With the rise in malicious hacking and data breaches, companies and government agencies are looking for ways to protect their data that offer a higher level of security than passwords.

Because passwords are easily lost, stolen, guessed, or cracked by hackers, many companies are shifting to the use of biological characteristics that uniquely identify you as an individual, called biometric identifiers, for security purposes.

For example, financial institutions and online retailers are developing ways to authenticate a purchase by requiring that the user take a selfie and smile, wink, or make some other on-demand gesture intended to confirm their actual presence. A stolen password could be easily reused, but faking a particular person’s arbitrary facial expression is more complicated to duplicate.

But along with the strength of biometric identifiers come new risks. When hackers steal your password, you can change it. But when hackers acquire your fingerprint or facial scan, you cannot change either.

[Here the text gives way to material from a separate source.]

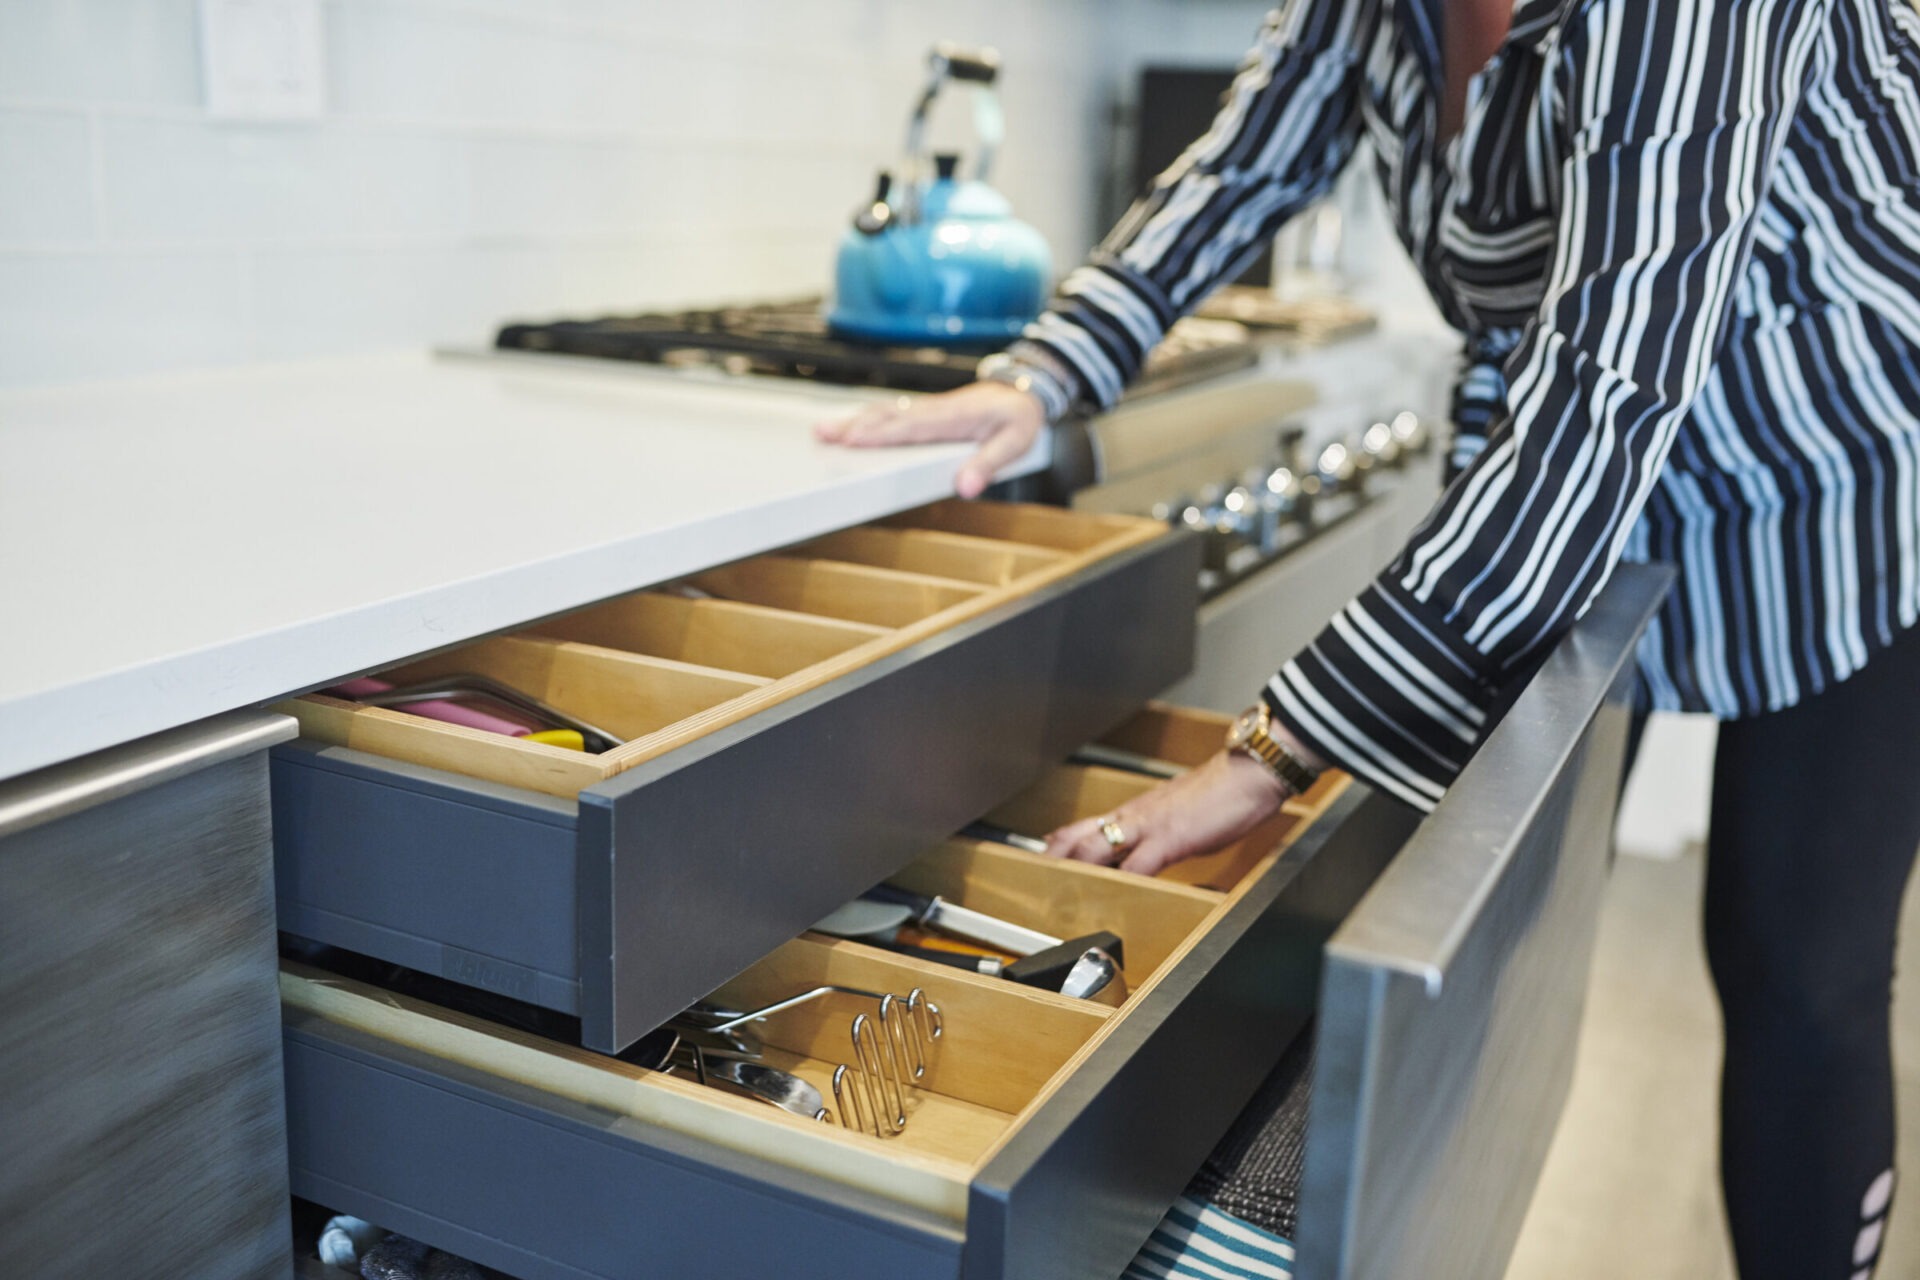 A person is standing at a modern kitchen counter, opening a drawer revealing organized utensils and cutlery. A blue kettle is on the countertop.
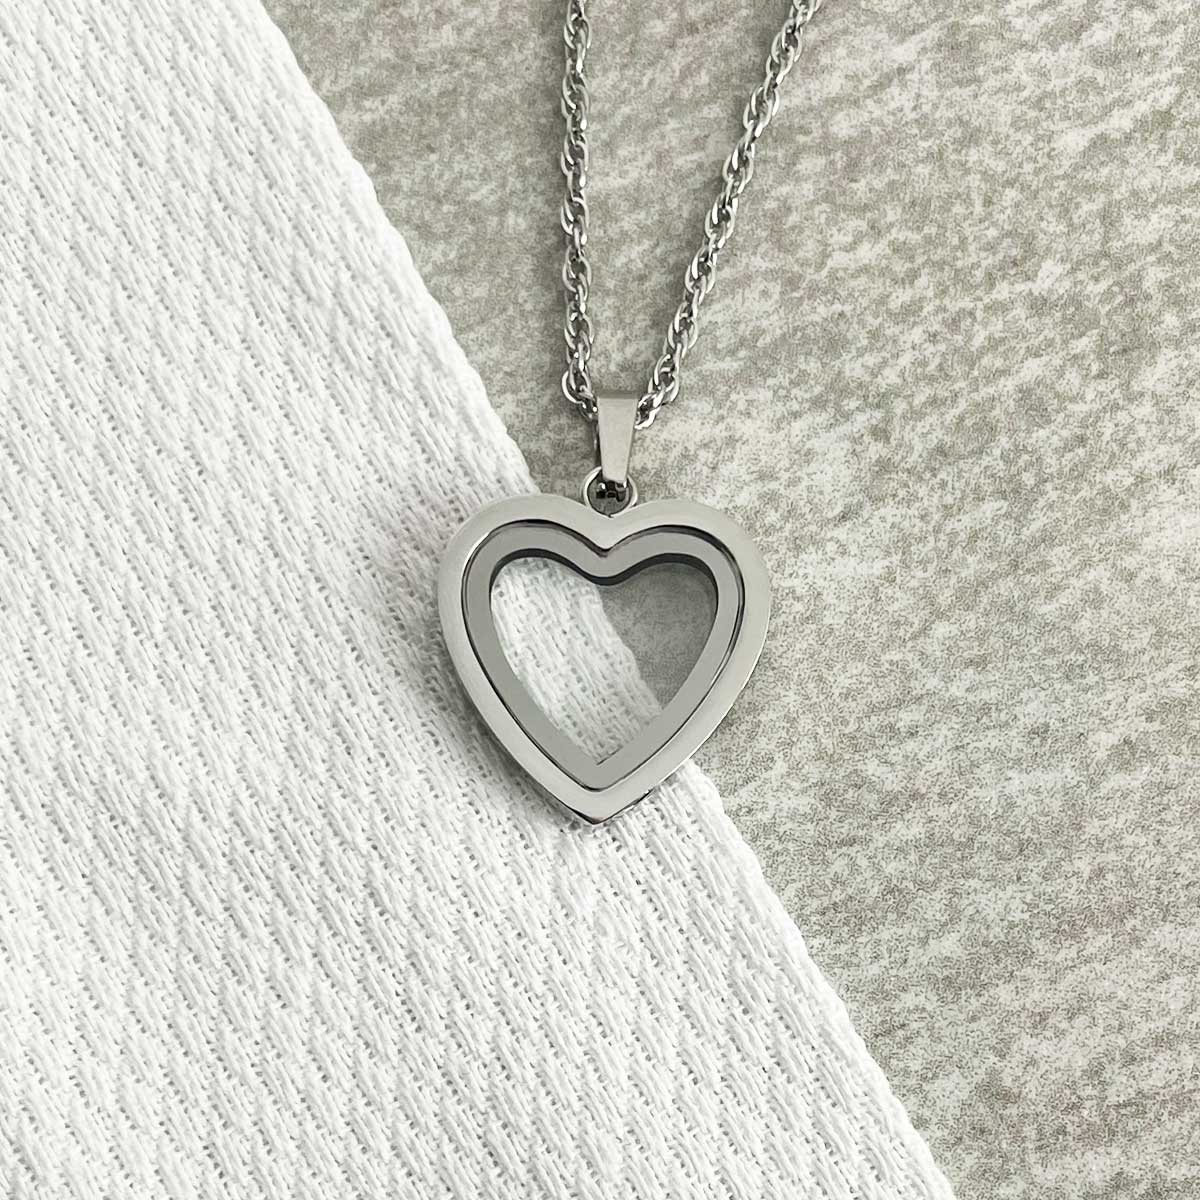 Heart Window Cremation Ashes Urn Necklace

Indeed, biometric identifiers are often selected for their permanence. Many companies are investing in scanners that identify individuals based on the pattern of veins in their fingertips, rather than their fingerprints. A person’s vascular identity is harder to forge than a fingerprint, and changes less over time.

In addition to issues caused by the inability to change your biometrics, another new risk comes from the ability of individuals, websites or corporations to collect biometric identifiers surreptitiously.

For example, when a website or company asks for your password, you actively decide whether or not to share it. But some biometric identifiers can be easily collected from cameras or microphones without your knowledge or consent.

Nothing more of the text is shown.